On Identification of Distribution Grids
This work addresses the need for accurate distribution grid models to control distributed energy resources, which is critical for grid operators and utilities, though it is incremental as it builds on existing lasso methods for a specific domain.
The paper tackles the problem of identifying distribution grid models, which are often unavailable or outdated, by jointly estimating model parameters and operational structure from synchrophasor measurements using lasso-based convex programs. The result is validated through power flow studies on four three-phase radial distribution systems with real household demands, showing efficacy in event detection and localization.
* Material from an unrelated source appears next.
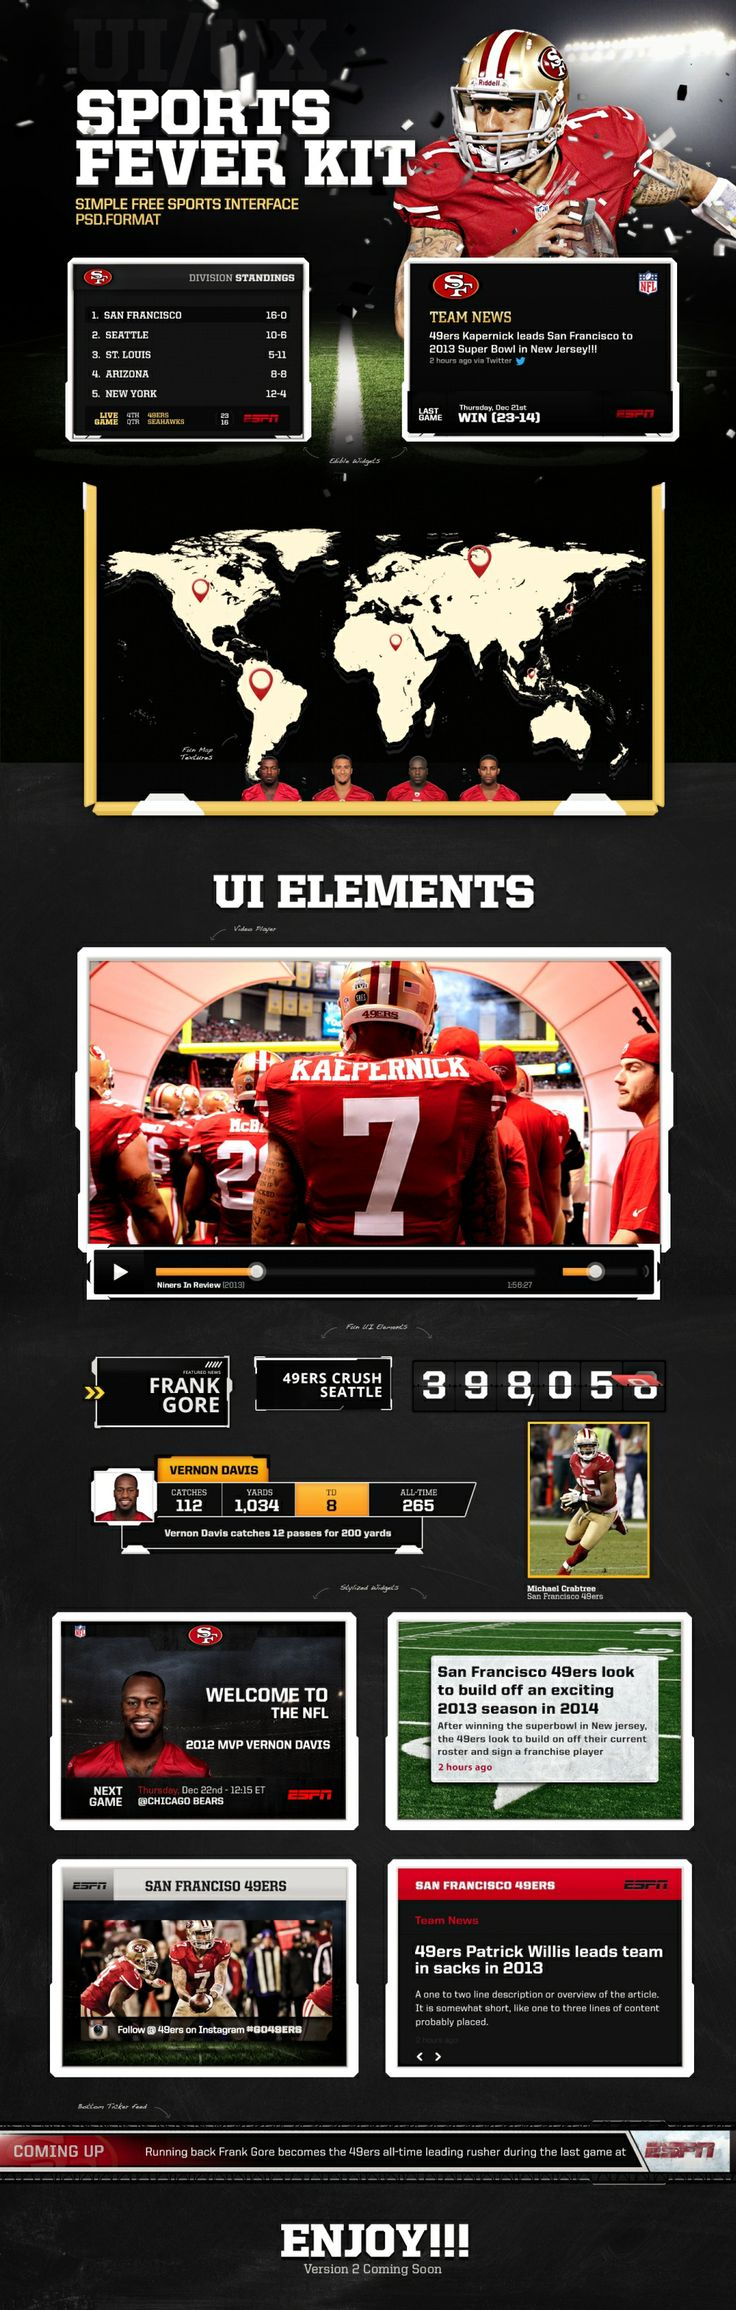 Sports Fever - Free UI Kit
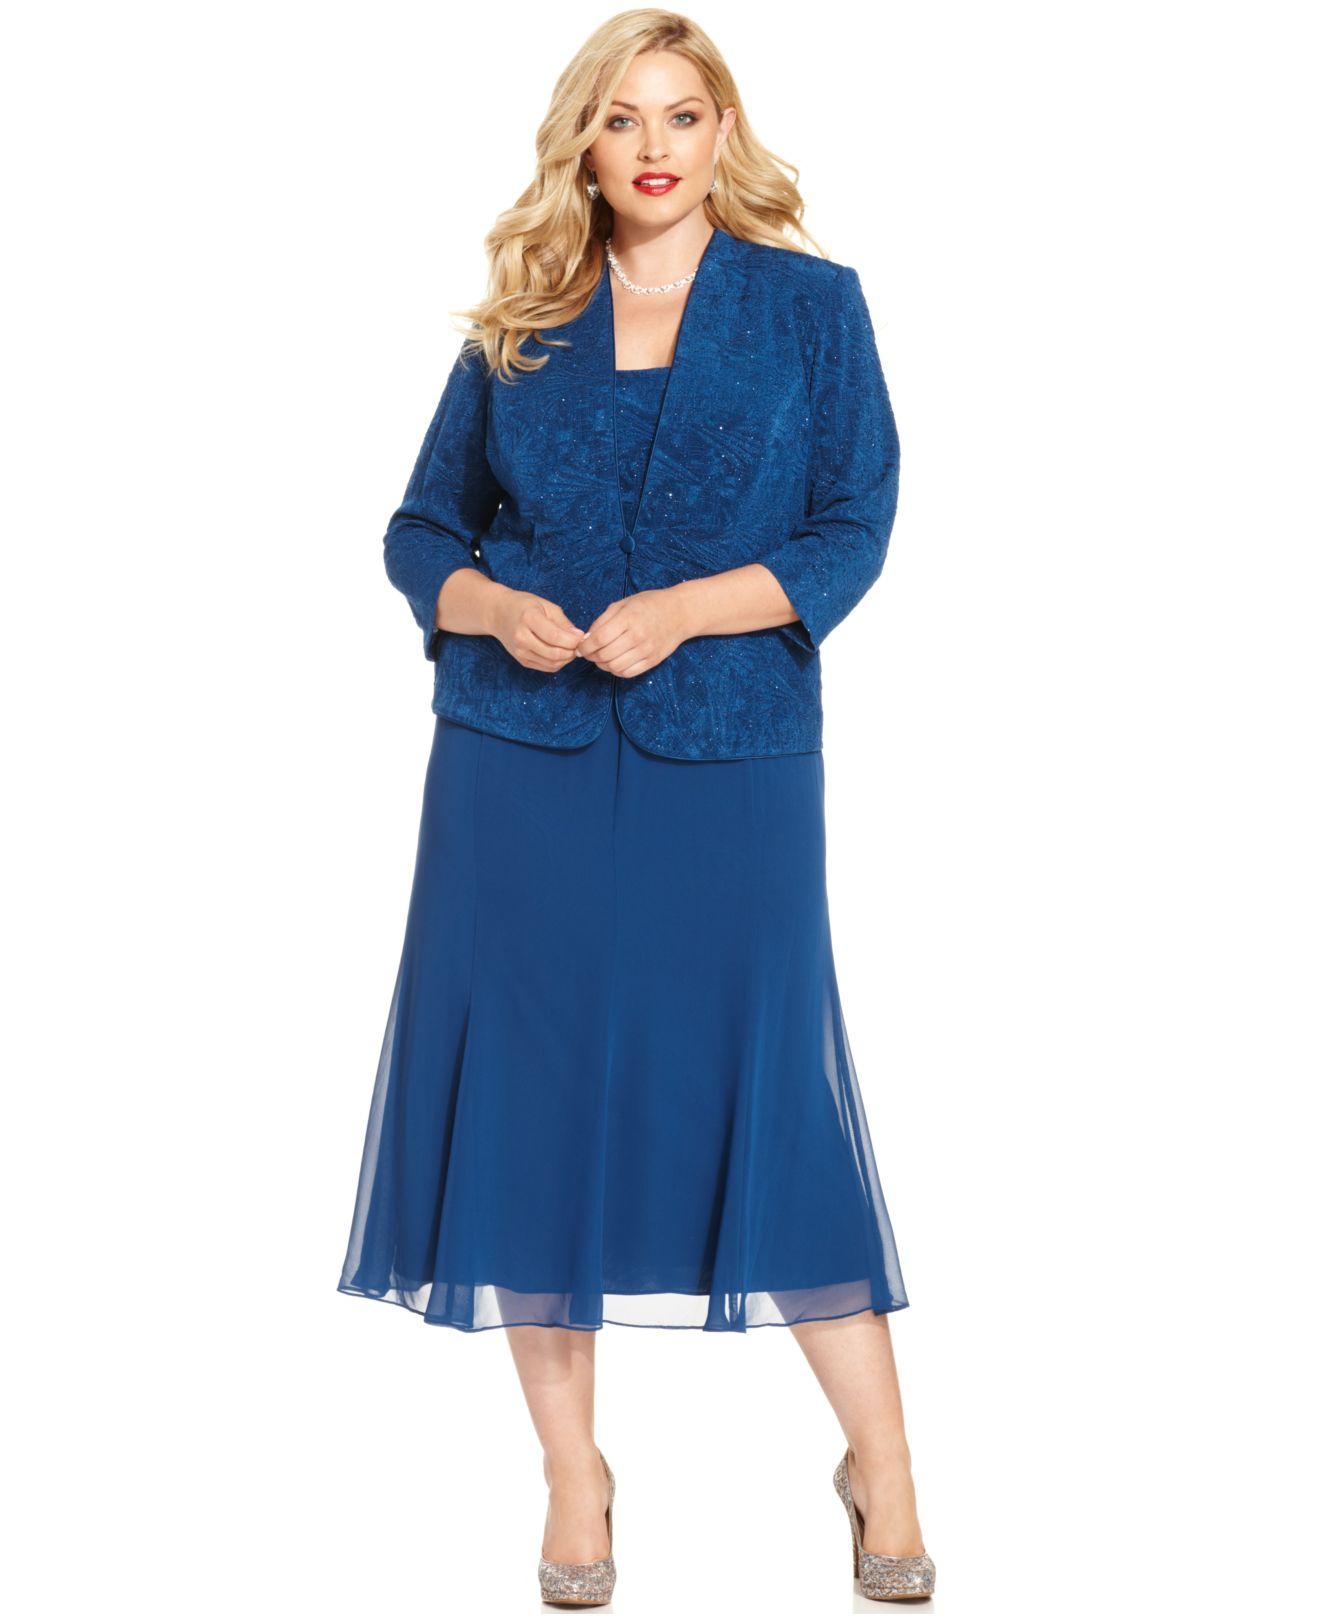 plus length quinceanera dresses beneath $100

Large-scale integration of distributed energy resources into residential distribution feeders necessitates careful control of their operation through power flow analysis. While the knowledge of the distribution system model is crucial for this type of analysis, it is often unavailable or outdated. The recent introduction of synchrophasor technology in low-voltage distribution grids has created an unprecedented opportunity to learn this model from high-precision, time-synchronized measurements of voltage and current phasors at various locations. This paper focuses on joint estimation of model parameters (admittance values) and operational structure of a poly-phase distribution network from the available telemetry data via the lasso, a method for regression shrinkage and selection. We propose tractable convex programs capable of tackling the low rank structure of the distribution system and develop an online algorithm for early detection and localization of critical events that induce a change in the admittance matrix. The efficacy of these techniques is corroborated through power flow studies on four three-phase radial distribution systems serving real household demands.